I climbed into my suit. Funeral. We played Peter Gabriel. Church next day. I wept my way through a sermon on Psalm 62.

One month after Joe died in 2010, John was sitting on the carpet in our family room with his wife when he told a group of us, his good friends, that the unexplainable rise in his white blood cell count was a rare and aggressive form of Leukemia. 10 months later he was gone.

When you are spiritually and emotionally depleted, you don’t think logically. As I was putting on the suit for John’s funeral, I began to wonder if my arrival at Discovery had somehow cursed the church. I showed up and people started dying. Before seminary I had worked as a hospital chaplain and had served people through 250 – 300 deaths in that year. I don’t know the exact number as it is difficult to track when it is so frequent. Some days nobody died, and once in a while 4 or 5 people in a day would die.

So I am acquainted with death and grief.  I know how to be present with people through that process. But with rare exception as a chaplain, I didn’t know the person dying.

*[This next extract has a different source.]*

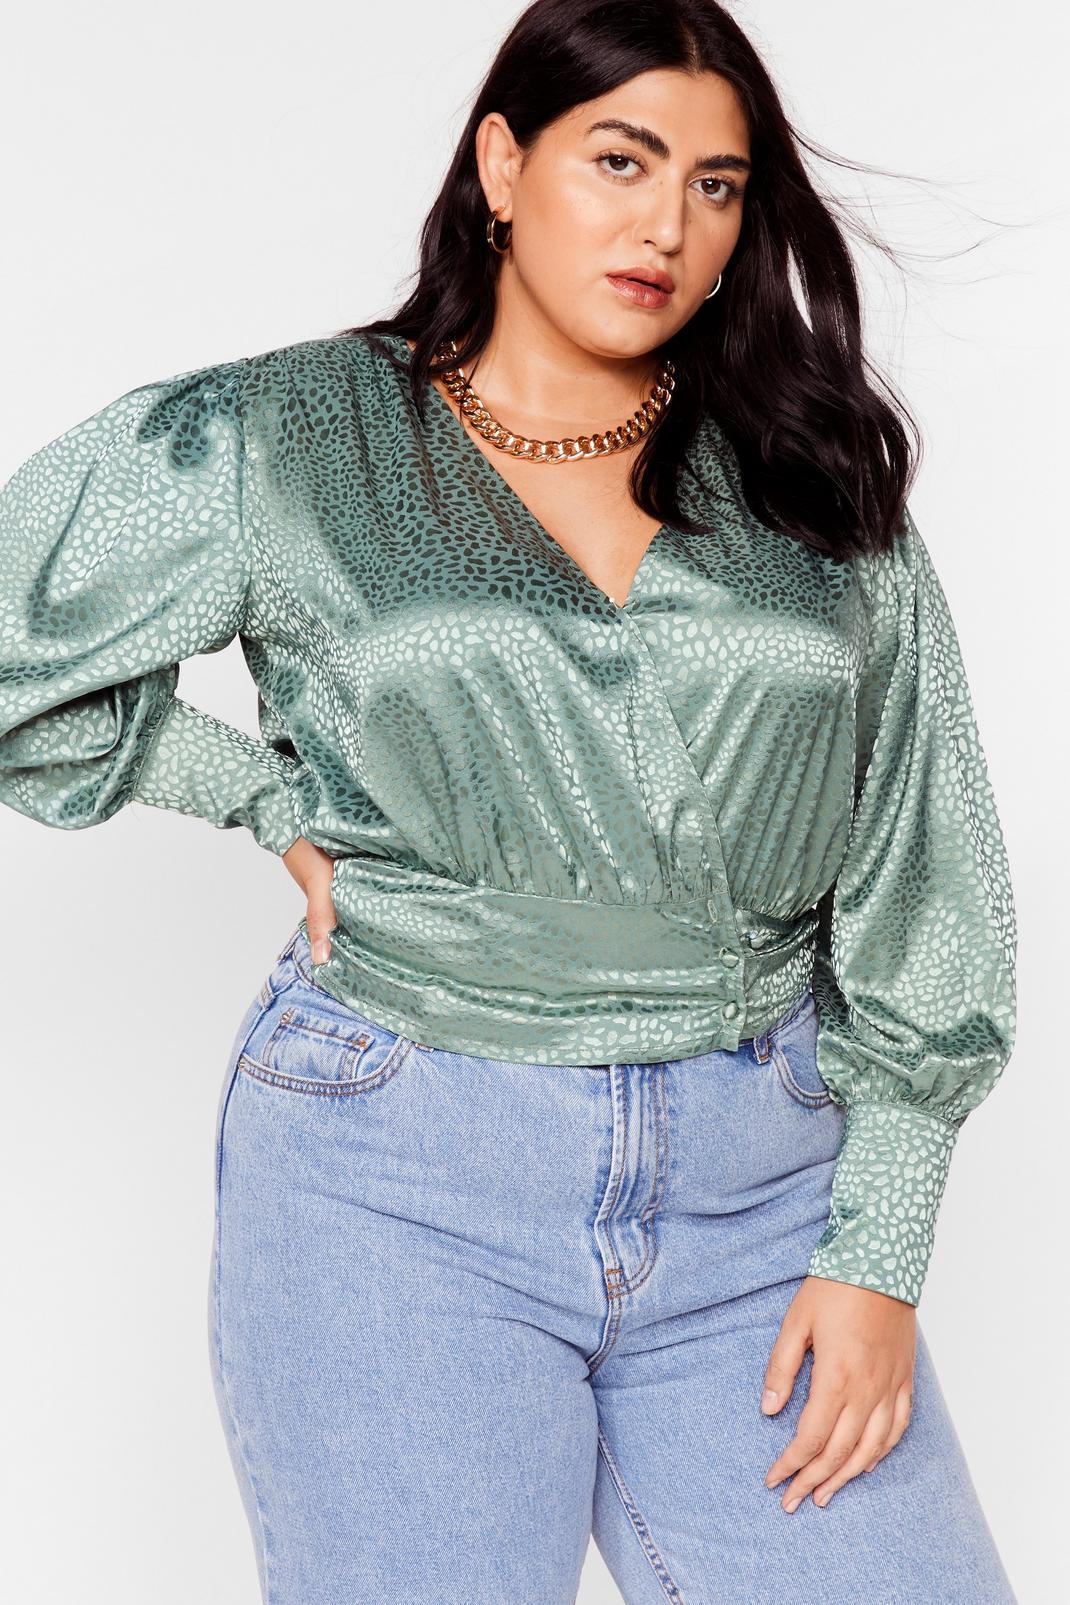 Sage Let's Wrap Things Up Plus Size Jacquard Top image number 1

But when people in your church die, when people you deeply love die, when people your age die, when it becomes annual, when you see good people suffer and those they leave behind suffer, that is an entirely different acquaintance with grief.

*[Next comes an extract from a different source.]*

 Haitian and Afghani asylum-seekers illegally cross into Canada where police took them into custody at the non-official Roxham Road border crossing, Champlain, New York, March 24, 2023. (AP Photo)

The doors slammed shut, the echo of steel slamming on steel ringing up and down the prison wing. Locked in from the outside, the guard holding the key, I put on those black pants and buttoned that black double breasted jacket for yet another funeral for a friend. It wasn’t solitary confinement. That stupid suit was my cellmate.

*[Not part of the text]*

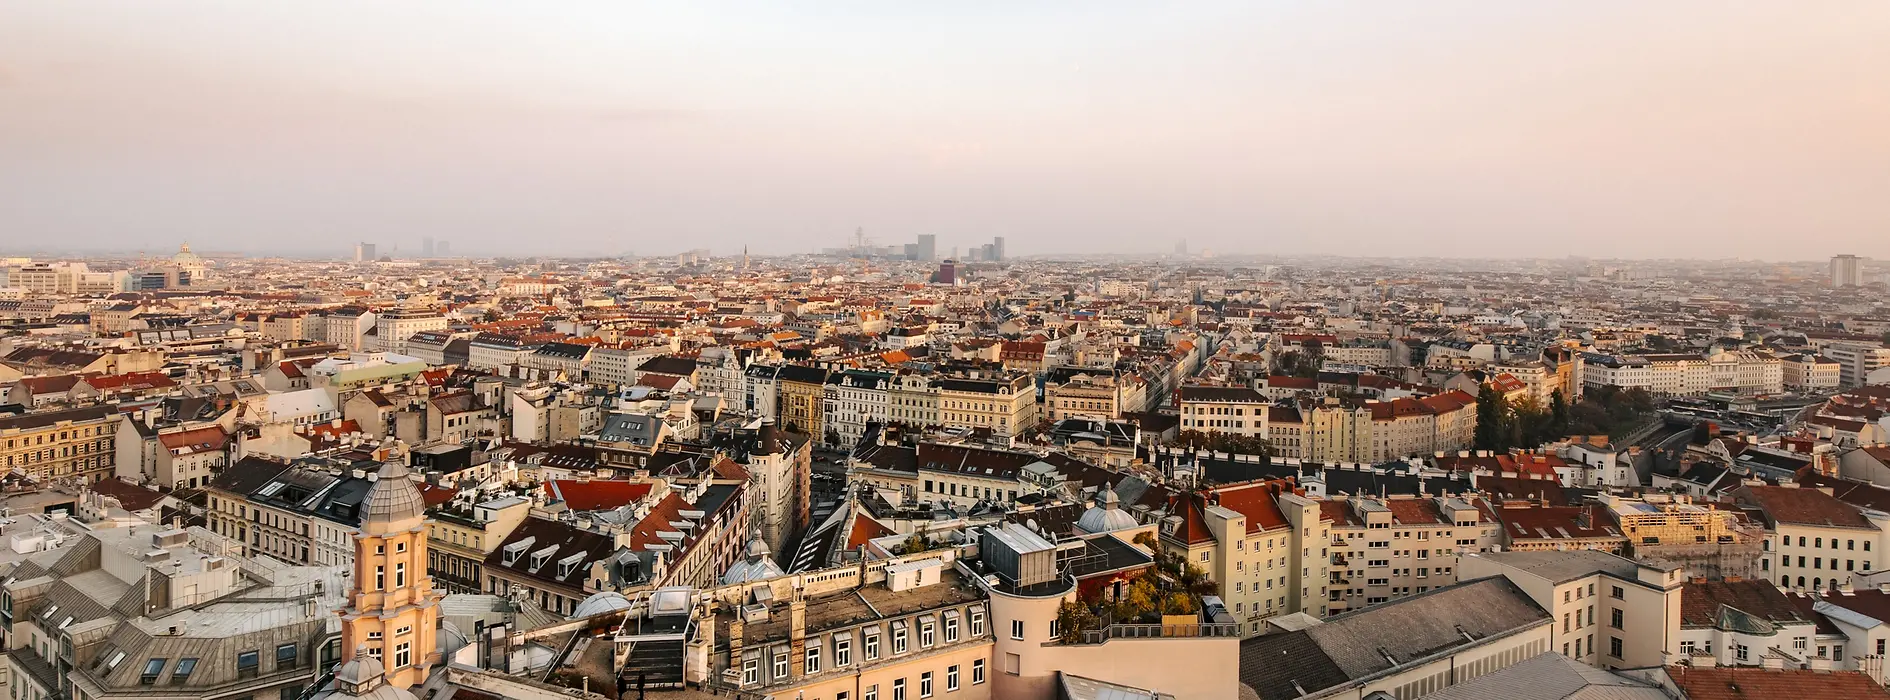 View from a roof terrace over Vienna's sea of houses

John’s funeral was the largest I have ever officiated. It was an utter testament to the scope of his powerful life. John was a life giver to people. It was simulcast to California where John lived before. Everyone wore orange. He was a father of 4, about my age – maybe a little older.

Church next day. I don’t remember what I preached, but Mike and I led worship together. Standing near Mike was a great comfort. We were both close to John.

I’ve worn the suit on a few other occasions: our dear friend’s brave mother passing away after a difficult, fierce life. The troubled husband of a strong woman who loved him to the very end, a baby killed in utero when her mother was struck by a car. As we lowered the tiny casket into the ground, I felt that pang in the gut and yearned for the day when people no longer gather around a casket sooner than they ever imagined and ask “why?”

And that is when I decided: it is time to burn this damned suit.  It is too tainted with pain.

Nobody tells you when you join a church that even after people die, they are still very much part of the Body of Christ. I remember these people through the course of my days, all kinds of triggers bringing a smile to my face, or an ugh in my gut. Is this what the author of Hebrews meant when he talked about the cloud of great witnesses? Setting my suit on fire is no reflection on the people I have buried.

I know I’ll need another suit. And surely there will be more holes in the ground.

But suit-on-fire is my protest against death and a declaration of stubborn hope that resurrection is real and thanks to Jesus, I will see my friends again.

A black suit and a hole in the ground is not the end of the story. I am not, in fact, imprisoned with a black suit for a cellmate. Jesus holds the keys to death. And he is in the unlocking business. Jesus is, if you will, The Great Locksmith.

Oh Death, where is your sting?

Listen, I tell you a mystery: We will not all sleep, but we will all be changed— in a flash, in the twinkling of an eye, at the last trumpet. For the trumpet will sound, the dead will be raised imperishable, and we will be changed…then the saying that is written will come true: “Death has been swallowed up in victory.”